Веллер присвистнул и напрягся:
— Ребята, кажется, вечер, перестает быть пресным!
— Мужчины, не угостите сигаретой? — Девушка явно бросала вызов компании, с которой явилась в «Лукоморье». А, может, она пришла вовсе и не с ними?
Довлатов достал сигарету и галантно щелкнул зажигалкой:
— Плиз, мадемуазель.
— Присоединяйтесь к нам, если хотите, — предложил Миша.
– Ык! С удовольствием, — вблизи она оказалась еще пьянее и сексапильней: — Вы кто? Давайте познакомимся, ык.
— Довлатов, Веллер, — представил я друзей.
— Что? Те самые? — От удивления она даже немного протрезвела.
— В некотором роде, — поскромничал Довлатов. — Официант, рюмку даме! Кстати, как вас зовут, девушка?
– Таней.
– Не Лариной?
— Нет! Шишлова я.
— А я — Саша Донецкий — назвал я себя.
– Что, прямо из Донецка? — она скорчила гримасу сочувствия.
— Нет, из Пскова. Просто фамилия такая.
Мы уже было собрались еще раз выпить, но тут «Бони М» сменился Демисом Руссосом — «Гудбай, май лав, гудбай!».
— О! Это моя любимая песня! Идемте танцевать! — она схватила Веллера за руку и потащила в центр зала.
Мы с Довлатовым перемигнулись и накатили.
— Гляди, — он махнул рукой в сторону танцующих.
Картинка точь-в-точь совпадала с эпизодом из фильма «Афоня»: Миша спокойно мог положить свою маленькую плешивую голову на шикарную Танину грудь. И положил. Зачем бежать от объятий роскошной блондинки, доставшейся практически на халяву?
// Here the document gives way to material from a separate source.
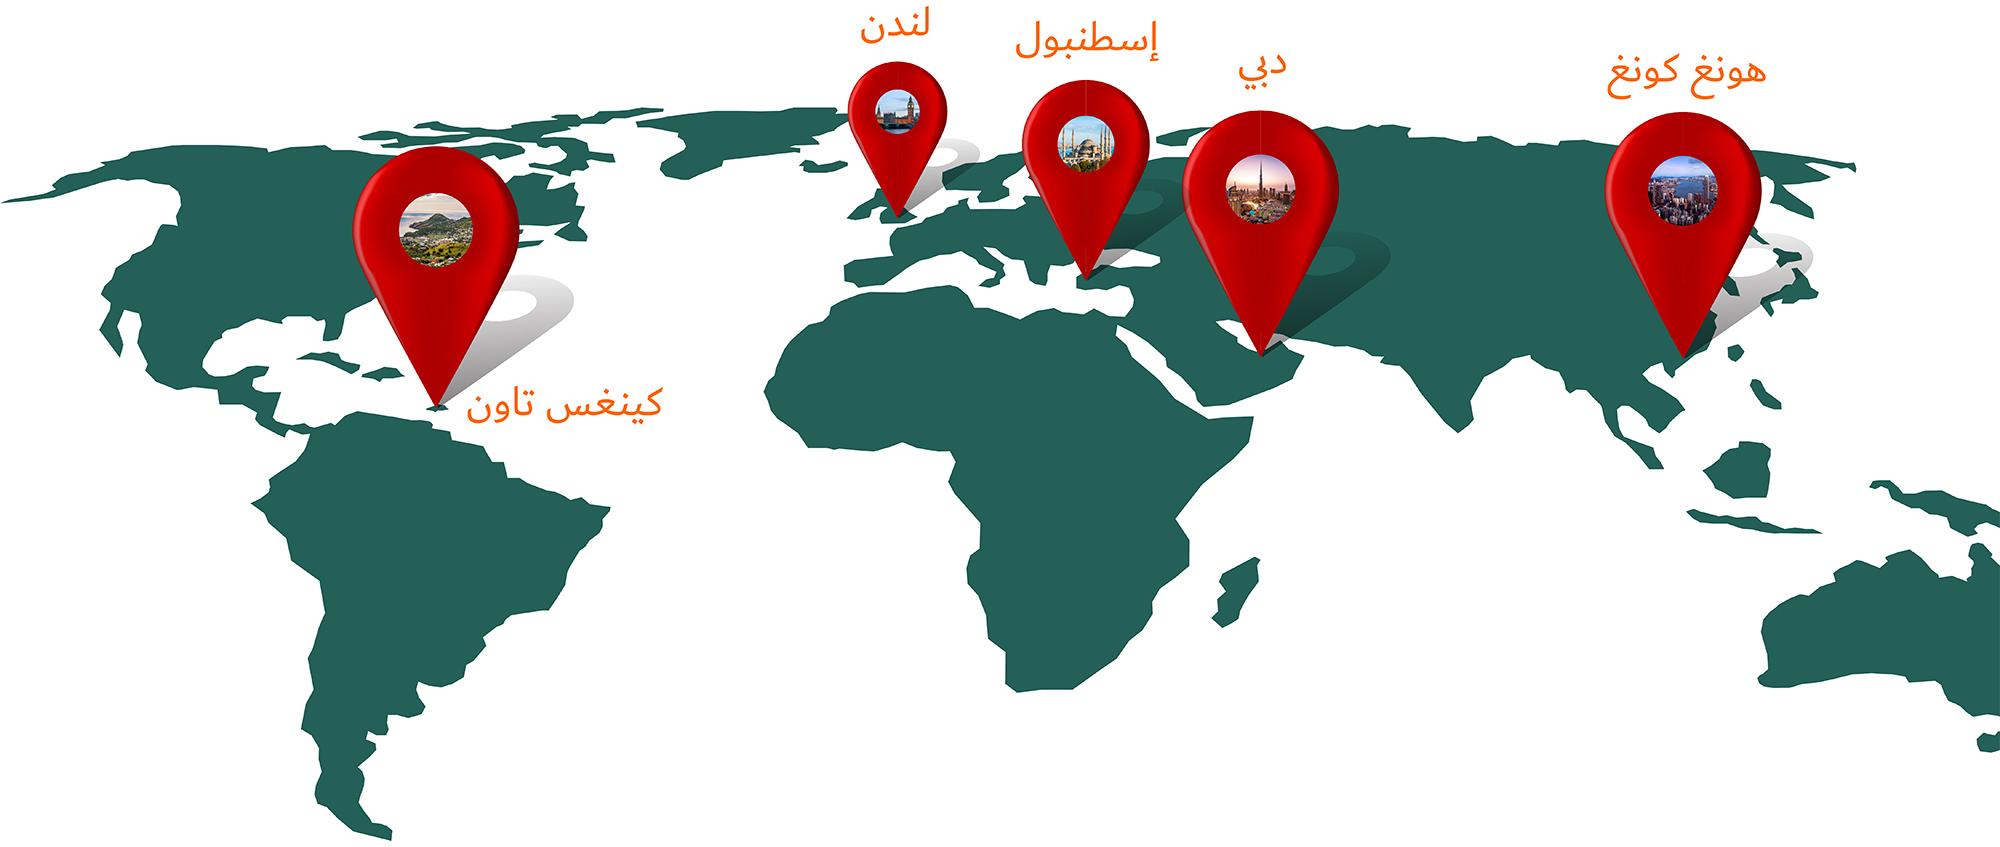 map-otm-arabic

Халява, однако, длилась недолго. Соперники не заставили себя ждать. Три типа характерной кавказской наружности окружили парочку.
— Э, слюшай! Дэвушку мы ужынаим.
Прямо как в пошлом анекдоте.
Веллер был невозмутим:
— Ну, а мы танцуем! Идите в горы! Овец пасти.
Кавказцы напряглись.
Мне почудилось, что сейчас они выхватят бензопилы «Дружба», и начнется техасская резня.
— Ты не прав, брат. — Один из них, самый молодой, вежливо тронул Веллера за плечо.
— Чего?! — Веллер смерил конкурента презрительным взглядом. — Не брат ты мне, гнида черножопая!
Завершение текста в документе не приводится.